§ TASK REQUIREMENTS
Make an exact transcript of the lines in the data below, starting with the one containing "Кошелек женский Dimanche" and going on through the one containing "CODM双持50GS强势来袭 梦魇猎手收割战场", with both included and the pictures left out.

§ INPUT MATERIAL
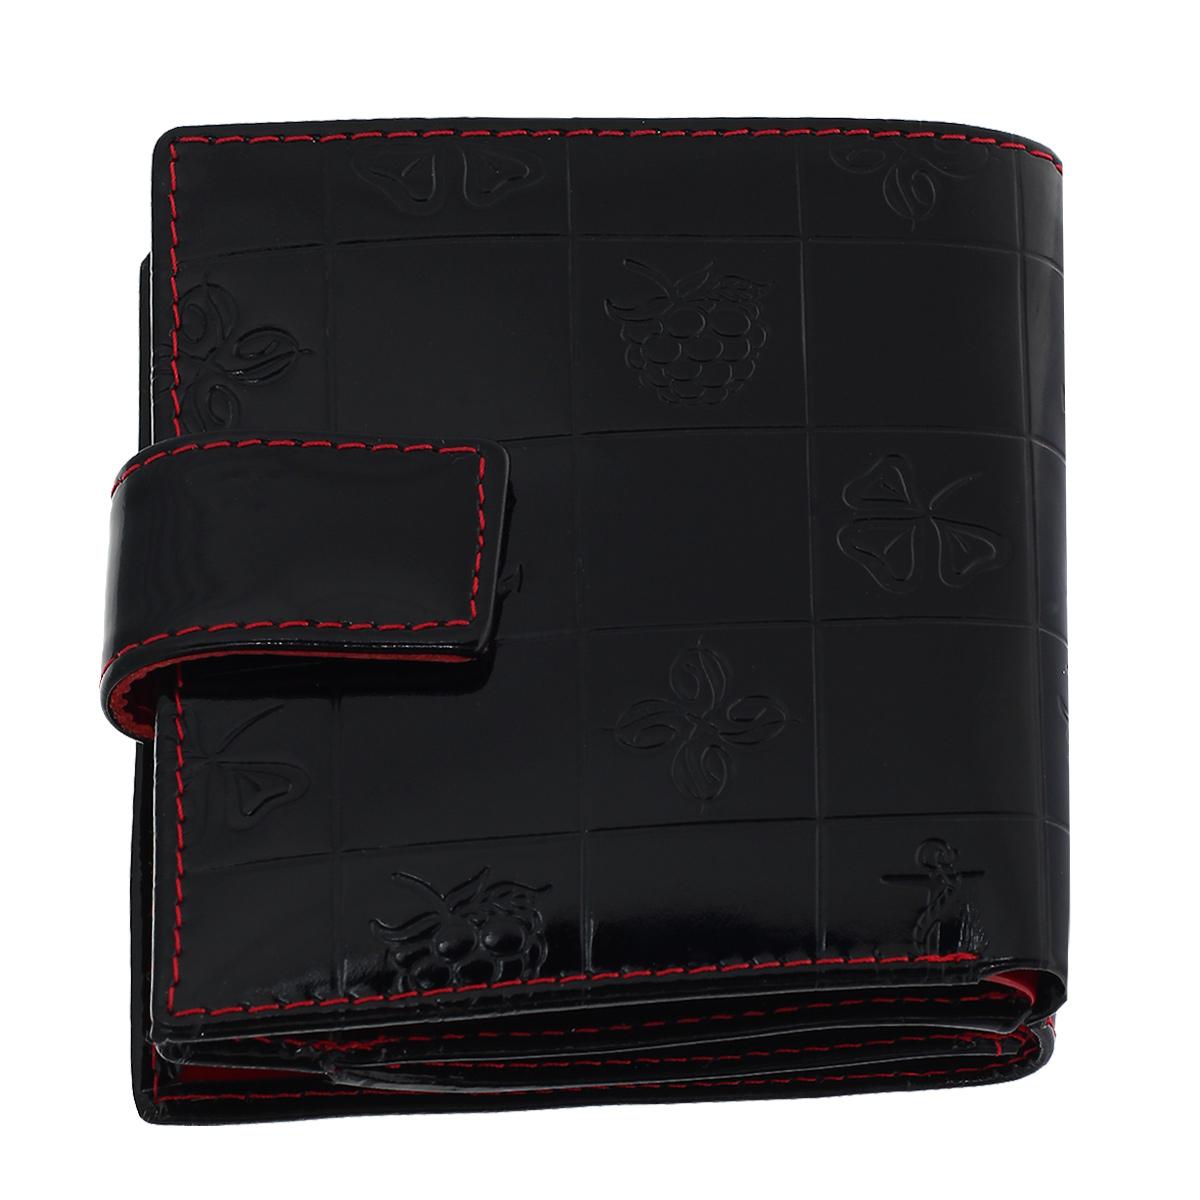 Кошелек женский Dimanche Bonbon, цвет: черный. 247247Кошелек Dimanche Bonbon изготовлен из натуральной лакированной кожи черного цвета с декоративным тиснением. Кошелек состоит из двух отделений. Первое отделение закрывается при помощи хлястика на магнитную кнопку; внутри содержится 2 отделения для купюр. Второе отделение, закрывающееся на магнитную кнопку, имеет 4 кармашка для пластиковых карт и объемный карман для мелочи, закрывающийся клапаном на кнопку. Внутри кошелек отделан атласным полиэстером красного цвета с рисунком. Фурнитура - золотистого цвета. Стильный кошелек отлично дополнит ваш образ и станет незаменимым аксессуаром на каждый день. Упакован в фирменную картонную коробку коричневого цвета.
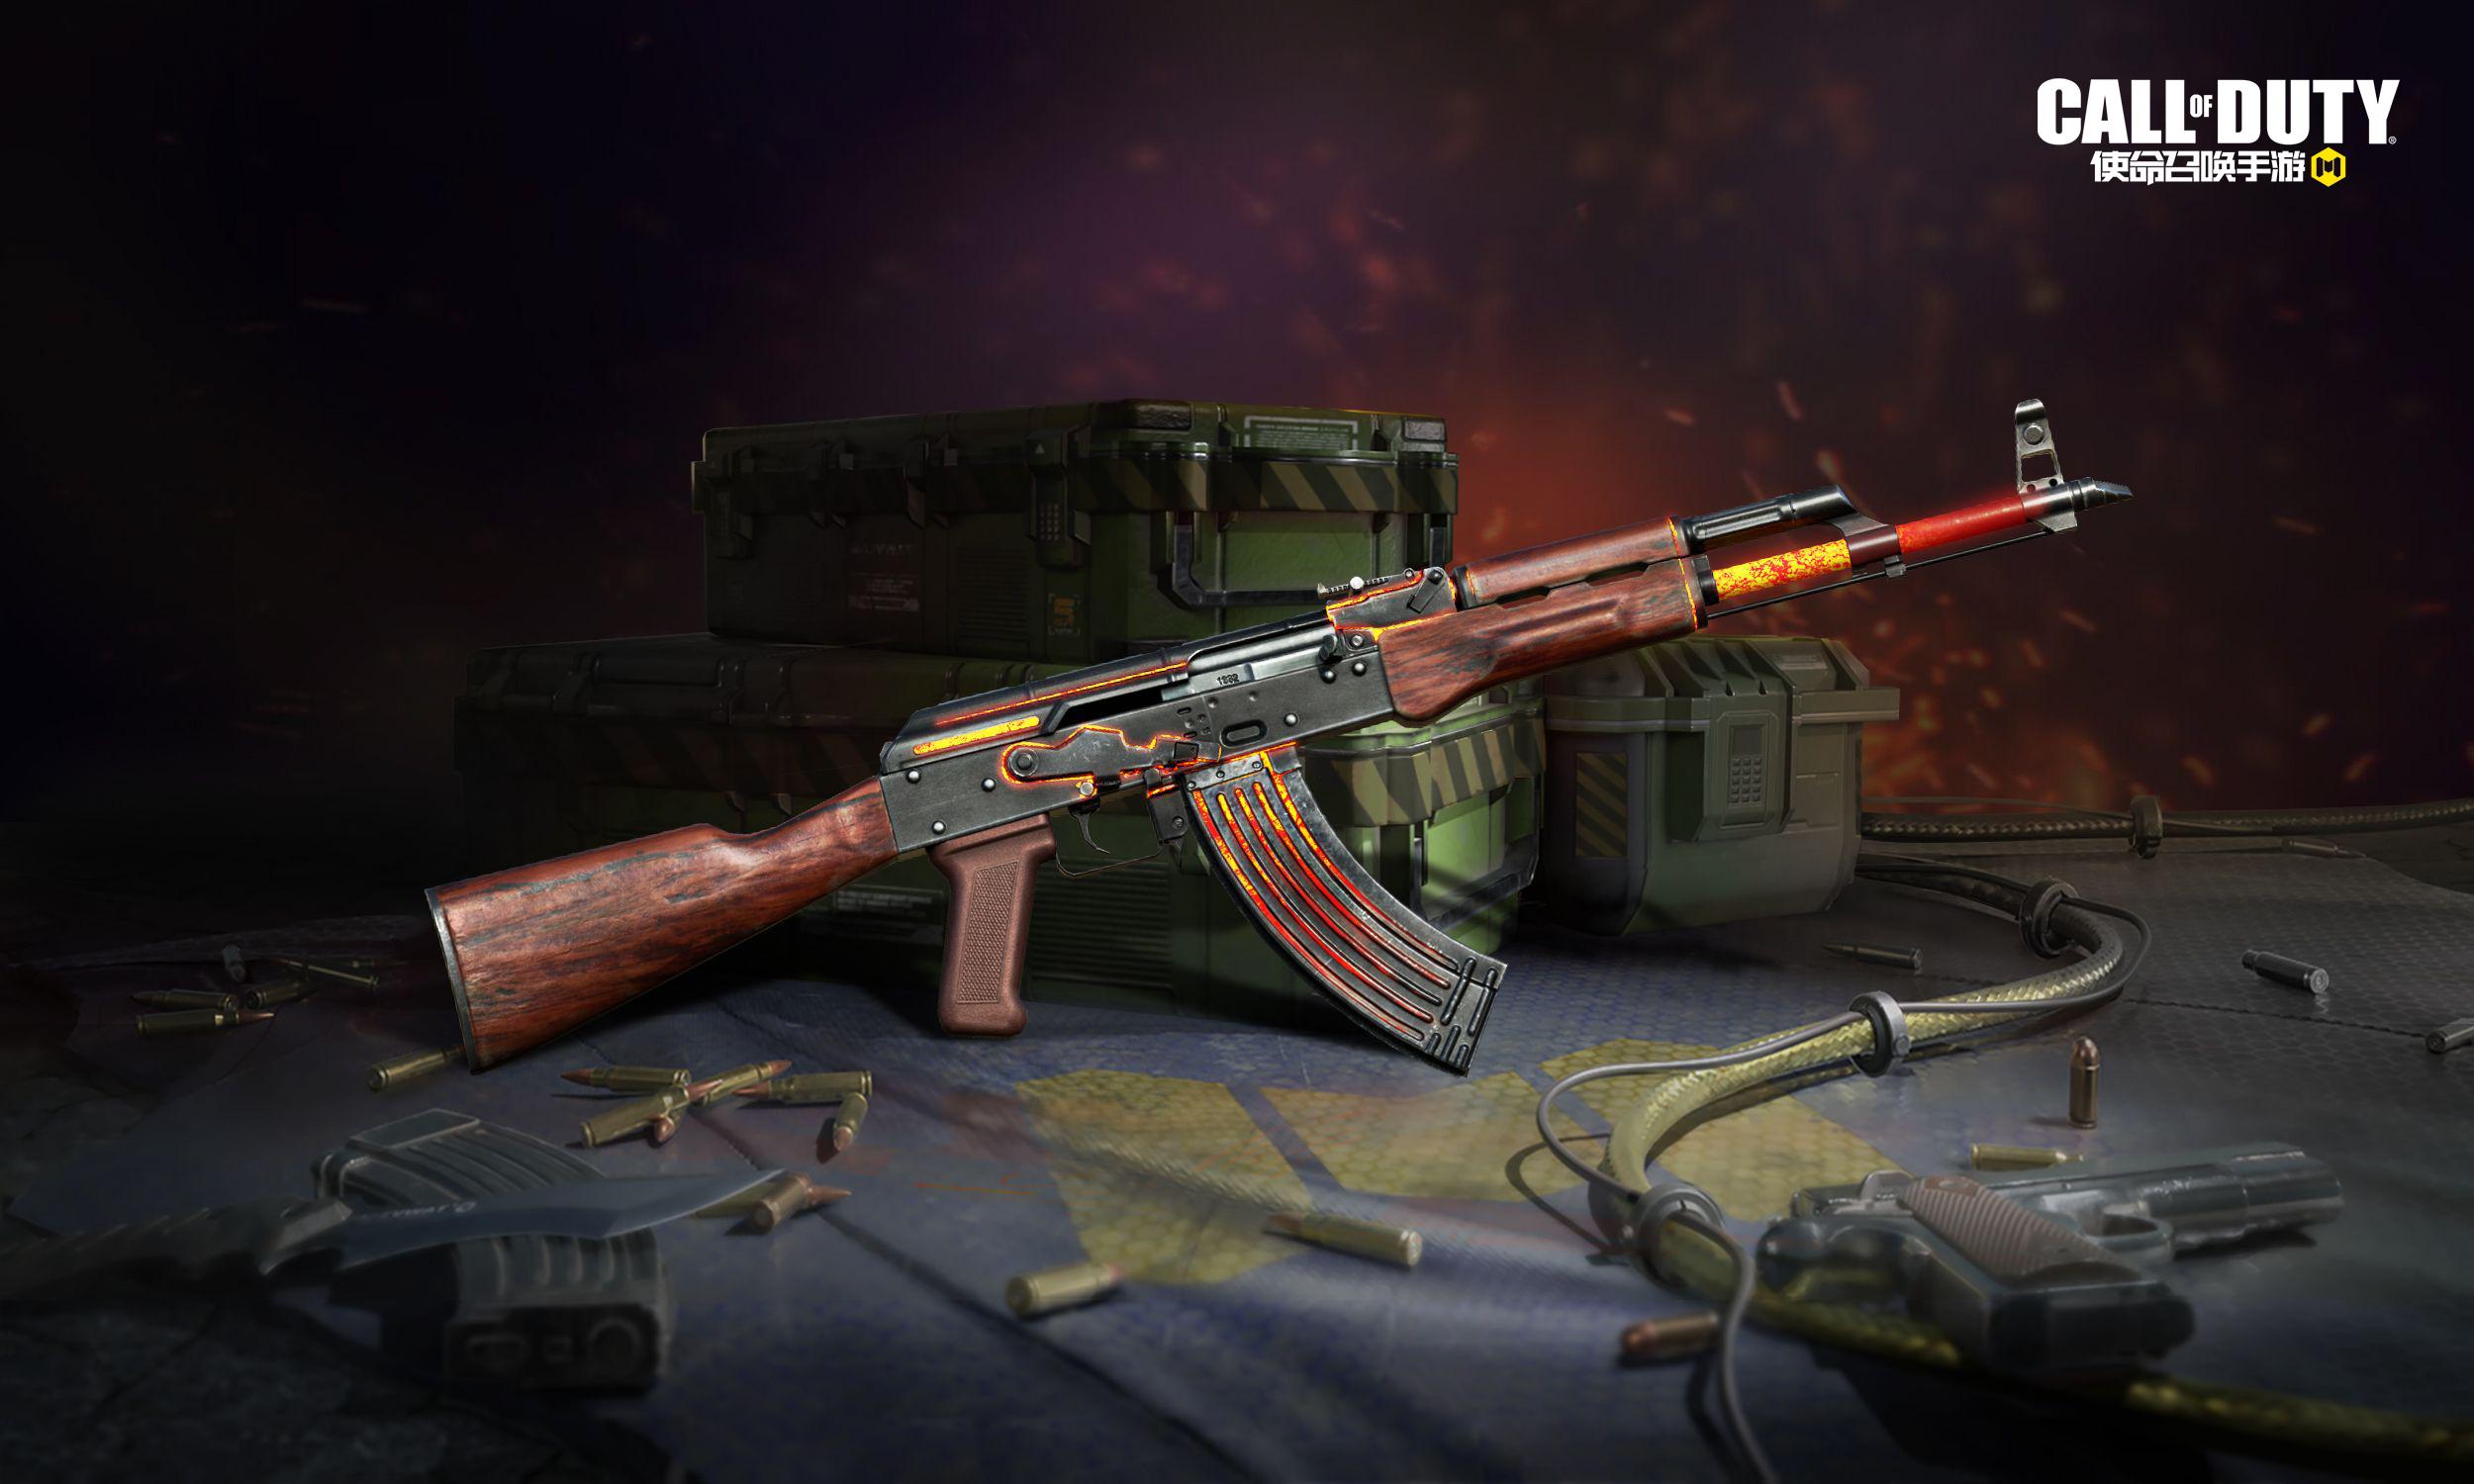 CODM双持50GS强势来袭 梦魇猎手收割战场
==
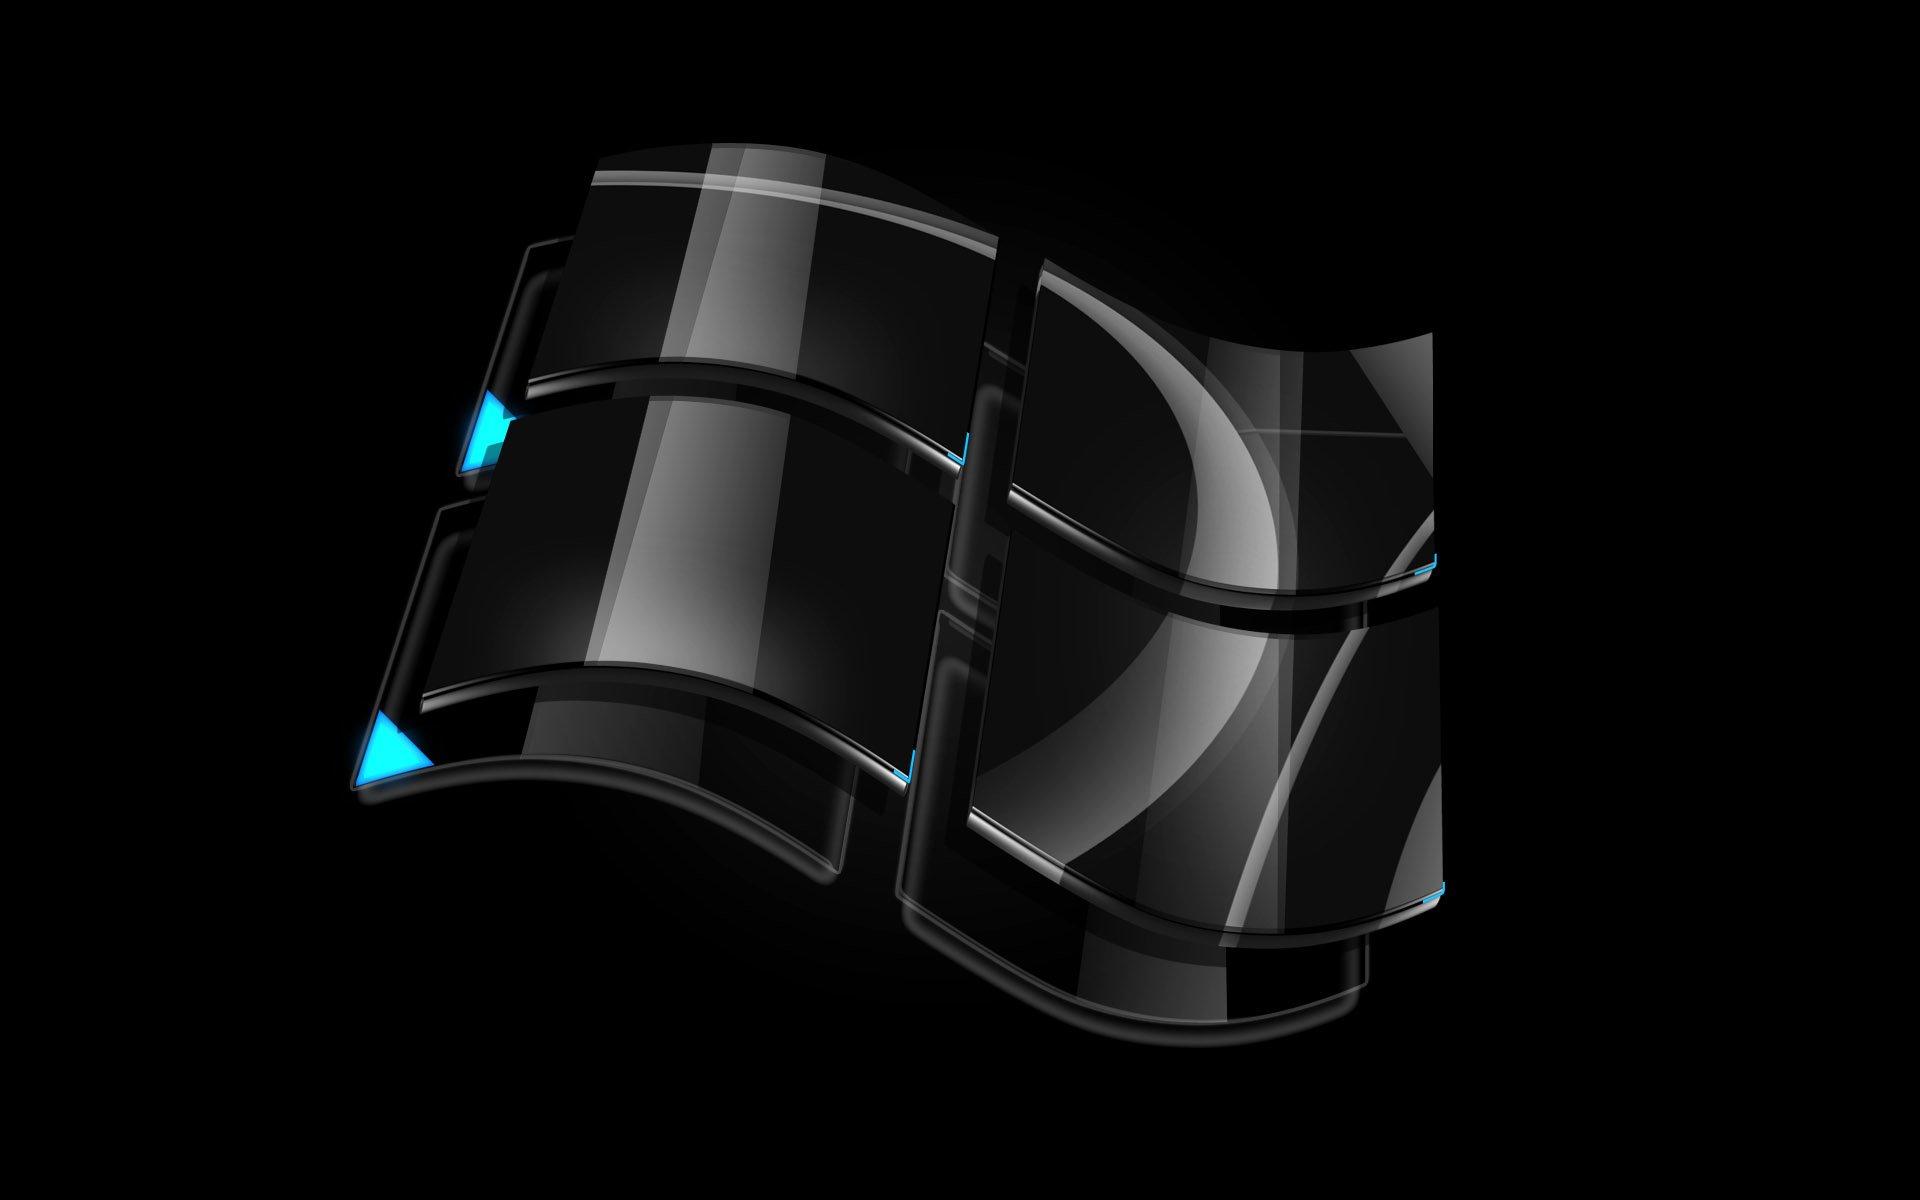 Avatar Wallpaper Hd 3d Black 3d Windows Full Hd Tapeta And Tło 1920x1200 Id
--
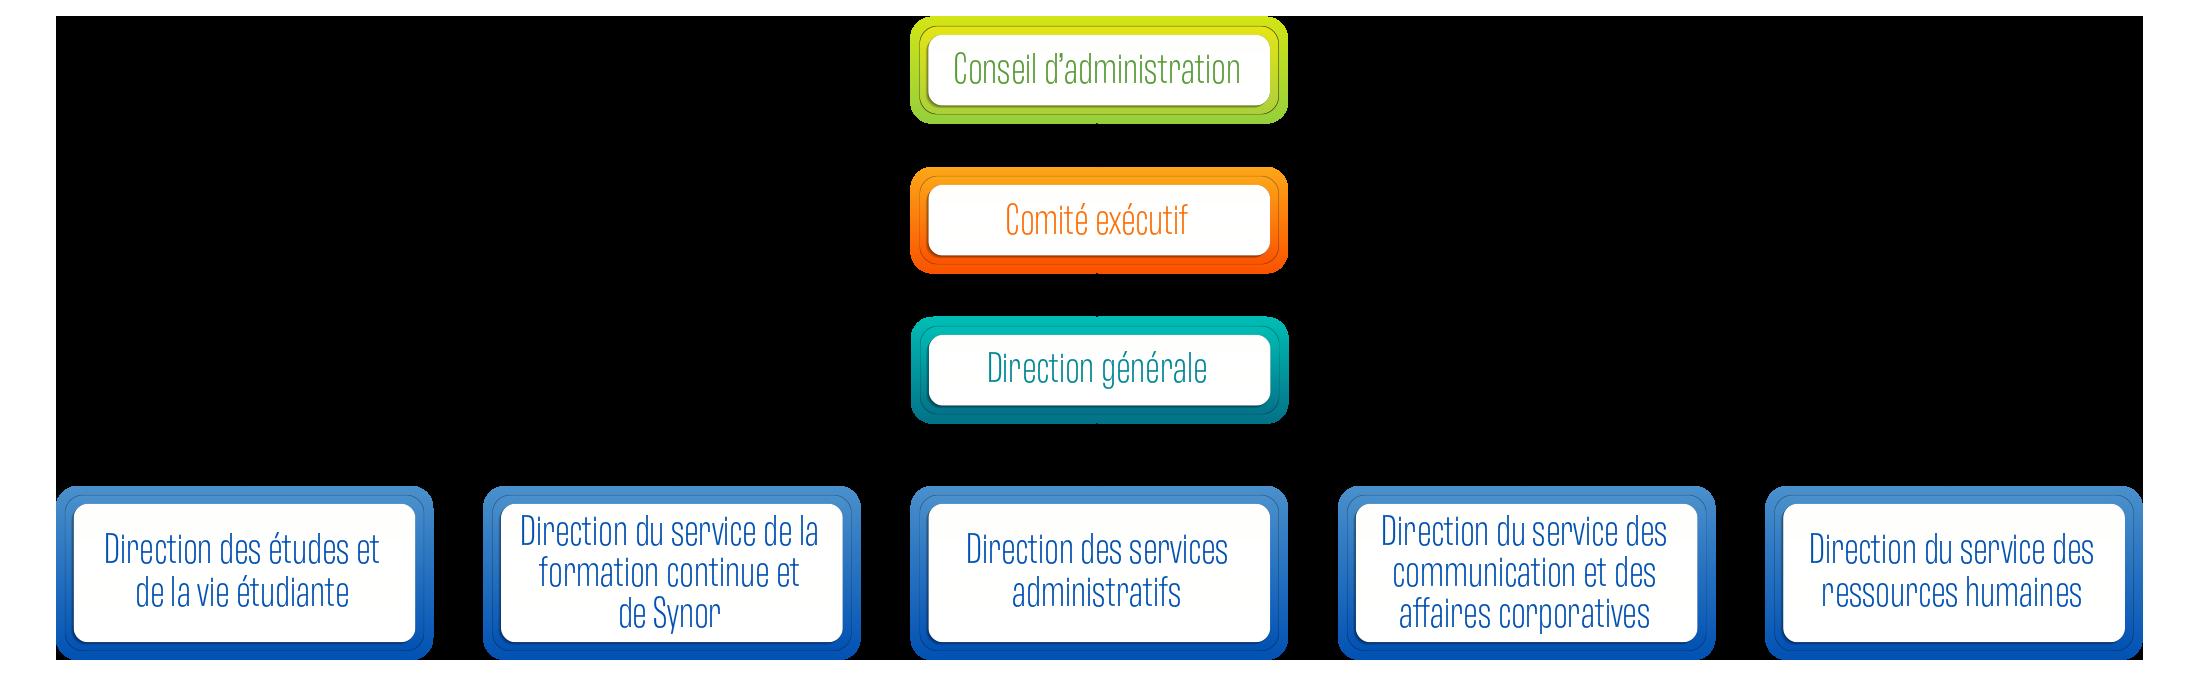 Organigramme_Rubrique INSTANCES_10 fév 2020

§ ANSWER BOX
 Кошелек женский Dimanche Bonbon, цвет: черный. 247247Кошелек Dimanche Bonbon изготовлен из натуральной лакированной кожи черного цвета с декоративным тиснением. Кошелек состоит из двух отделений. Первое отделение закрывается при помощи хлястика на магнитную кнопку; внутри содержится 2 отделения для купюр. Второе отделение, закрывающееся на магнитную кнопку, имеет 4 кармашка для пластиковых карт и объемный карман для мелочи, закрывающийся клапаном на кнопку. Внутри кошелек отделан атласным полиэстером красного цвета с рисунком. Фурнитура - золотистого цвета. Стильный кошелек отлично дополнит ваш образ и станет незаменимым аксессуаром на каждый день. Упакован в фирменную картонную коробку коричневого цвета.
 CODM双持50GS强势来袭 梦魇猎手收割战场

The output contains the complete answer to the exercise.